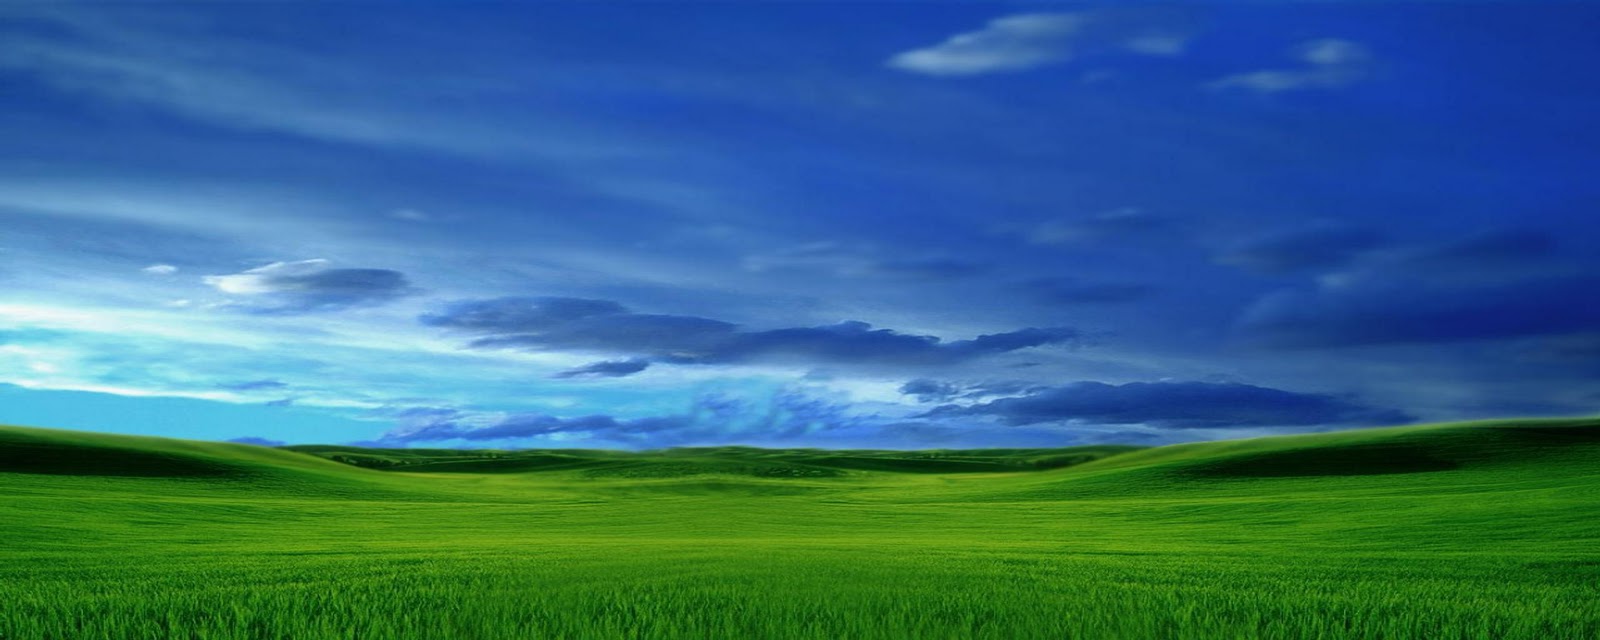 wow wallpaper galleries: Windows XP Dual Screen
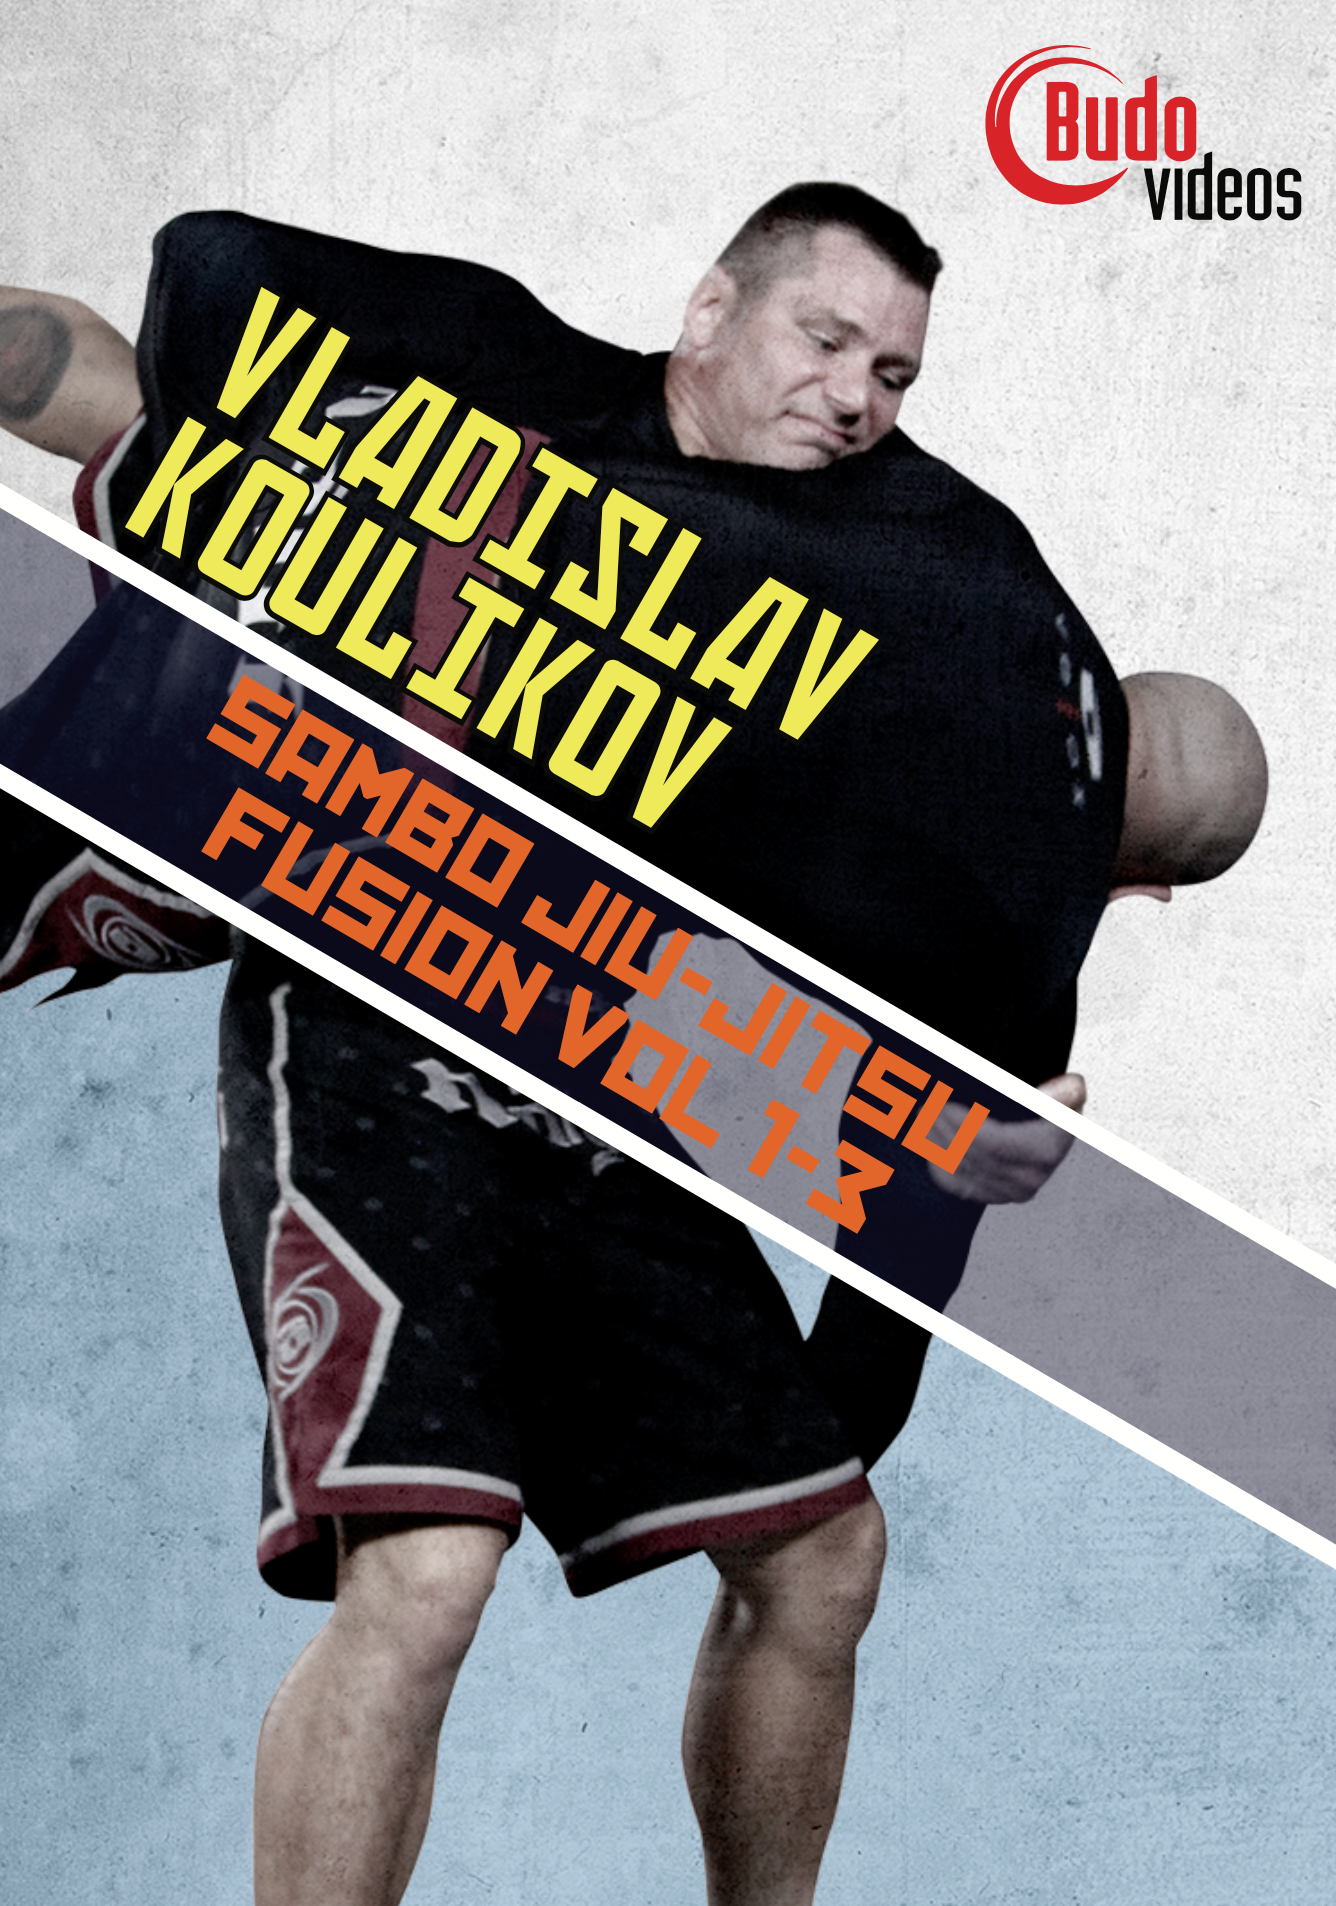 Juego de DVD Sambo Jiu-jitsu Fusion 3 de Vladislav Koulikov
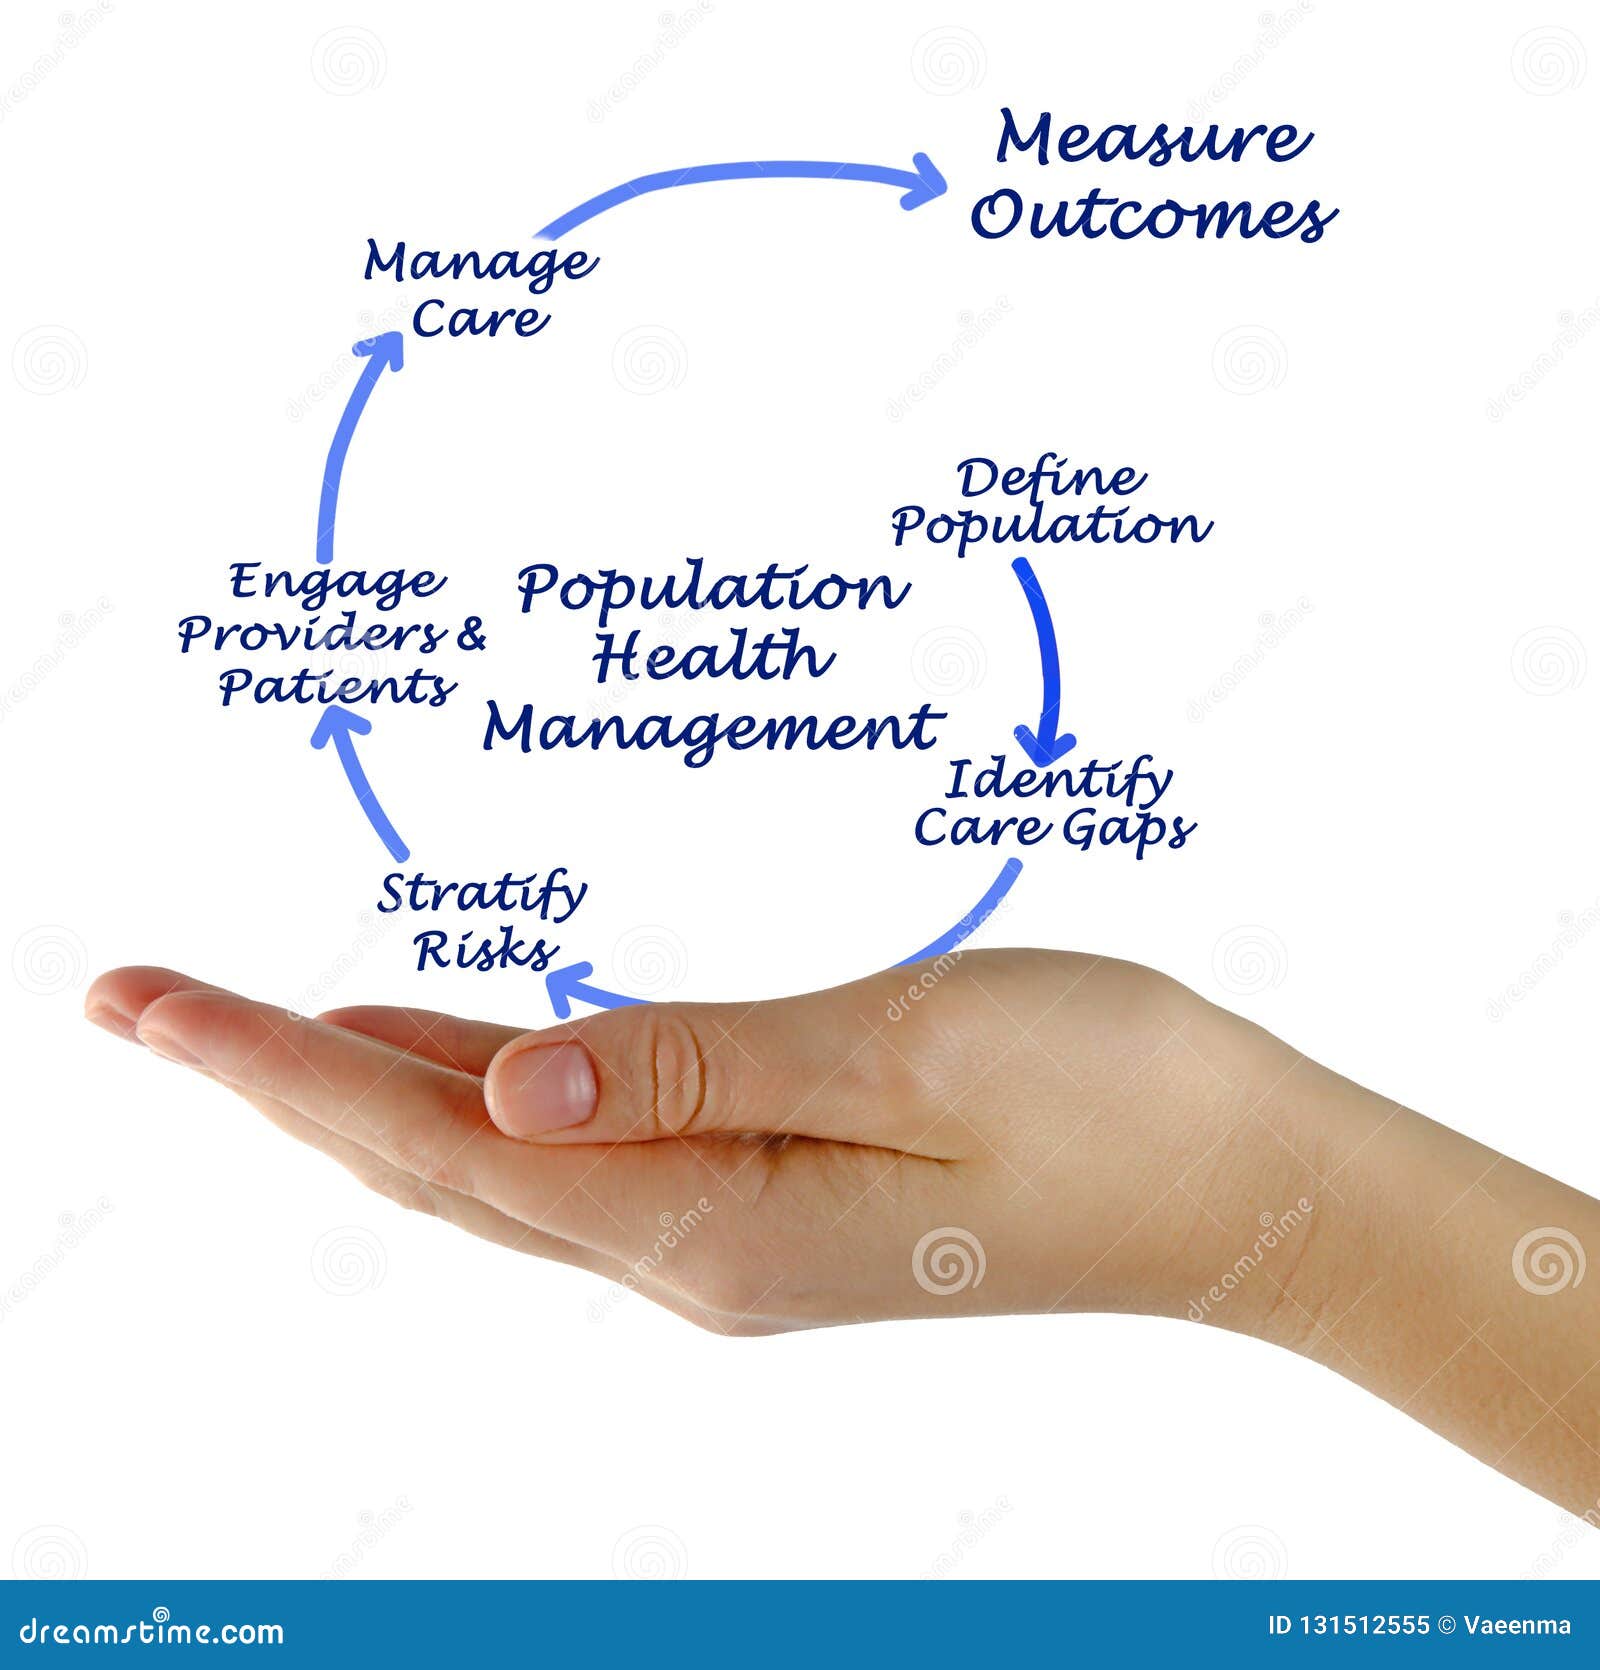 population health management

:: DIRECTIONS FOR THIS TASK ::
Return the complete material exactly as given, excluding images.

:: RESPONSE BELOW ::
 wow wallpaper galleries: Windows XP Dual Screen
 Juego de DVD Sambo Jiu-jitsu Fusion 3 de Vladislav Koulikov
 population health management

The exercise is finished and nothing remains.